Меж сбитых простыней - Иэн Макьюэн
Шрифт:
Интервал:
Закладка:
Сквозь безмолвие ярко-красным цветком, упавшим на снег, прорывается возглас — ее дочка невнятно вскрикнула во сне: «Медведь!» Тишина, а потом снова: «Медведь!» — теперь уже глуше, разочарованнее… без вскрика тишина кажется гуще… но вот понемногу стала привычной… никаких ожиданий… гнет тишины… в угасающем оранжевом мареве медведи укладываются под бочок моей спящей подруге… Я поворачиваюсь на подушке и смотрю в ее открытые глаза.

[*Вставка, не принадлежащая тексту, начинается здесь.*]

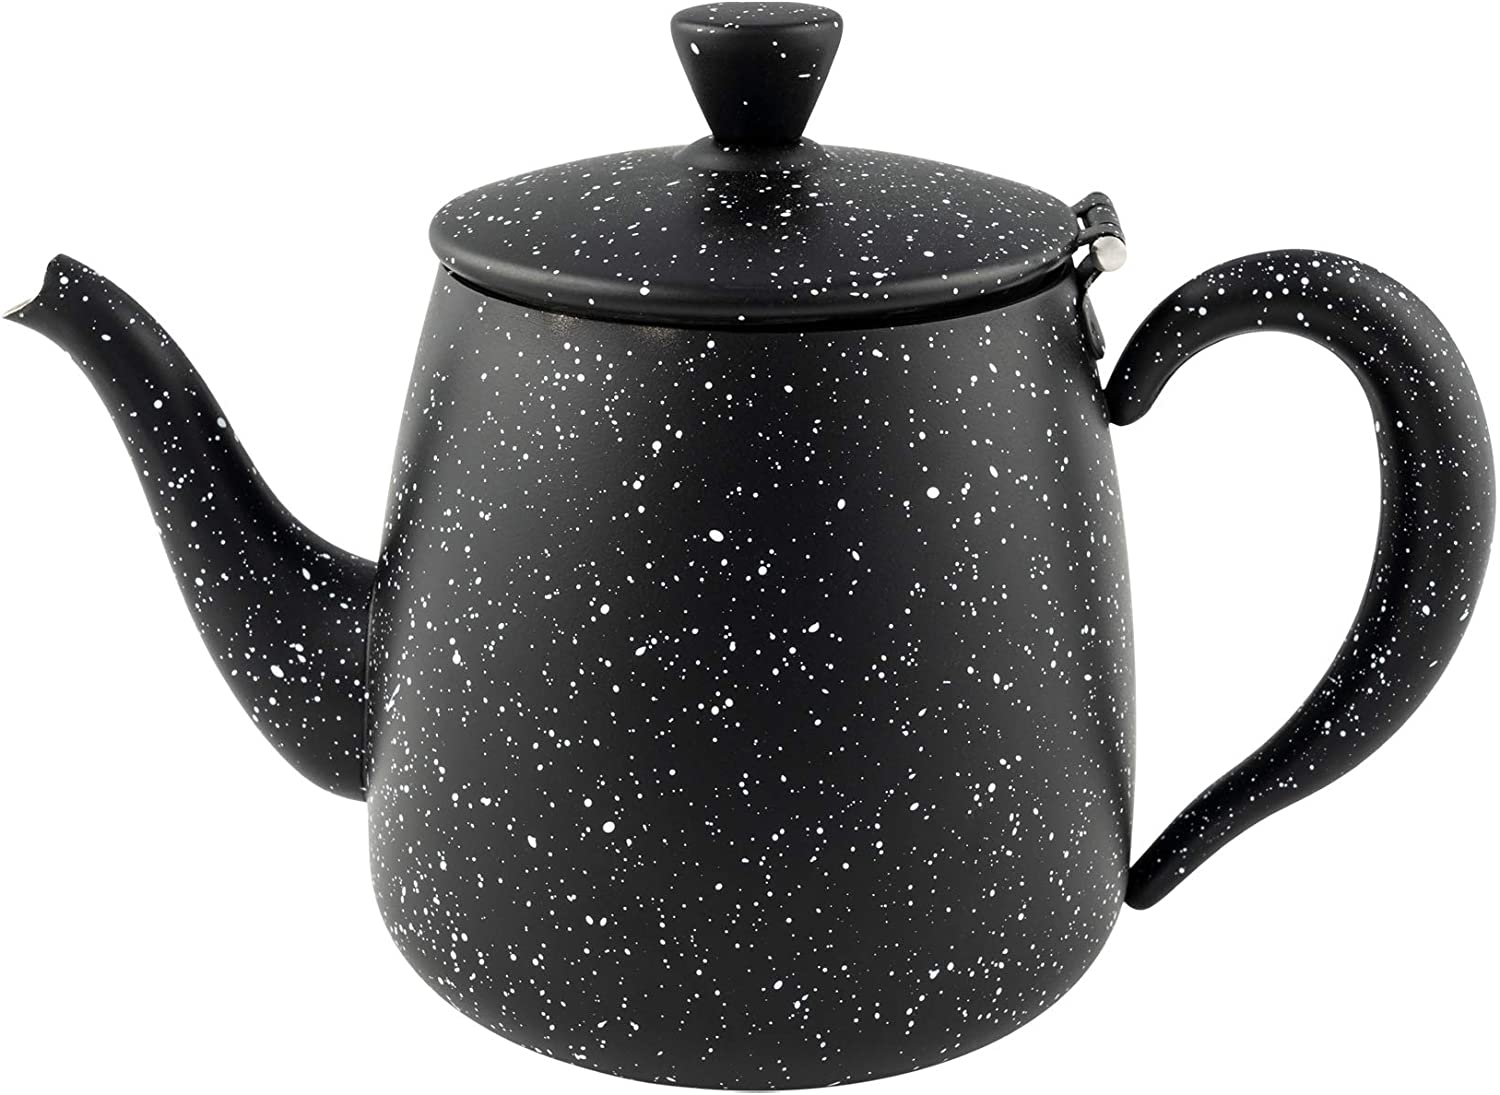 Cafe Ole Café Olé PT-018BG Premium 18oz 0.5L Teapot Made of High Quality Stainless Steel - Black Granite, Drip-Free Spout, Hollow Handles & Hinged Lid

Наконец я встаю и вслед за Пиявкой выхожу из пустой комнаты в коридор без дверей, где так часто расхаживают они, прямой и согбенный. Начальник и подчиненный, нас не отличить от тех, кого мы боимся… Я поравнялся с Пиявкой, который щупает материю своего пиджака, двумя пальцами прихватывая лацкан. Рука его замирает, а губы разъезжаются в слабой улыбке, он собирается спросить: «Как тебе мой костюмчик?» В коридоре мы стоим лицом друг к другу, отражаясь в отполированном полу. Каждый видит чужое отражение, но не свое.
Лента густых волос кажется чернее ночи, во тьме угадывается бледная кожа на хрупком краешке скулы, изломом обрисованной в черноте… «Это ты? — бормочет она, — Девочки?» Легкое трепетание темноты говорит, что глаза ее закрыты. Дыхание ее становится размереннее — неизбежный рефлекс спящего. Пустяки, ей лишь приснился возглас в темноте, похожий на красный цветок на снегу… Погружаясь на дно глубокого колодца, далеко вверху она видит сужающийся светлый круг и мой силуэт на фоне неба. Она уходит на глубину, а пузырьки ее слов всплывают ко мне приглушенным эхом. Войди в меня, пока я засыпаю, просит она, войди в меня…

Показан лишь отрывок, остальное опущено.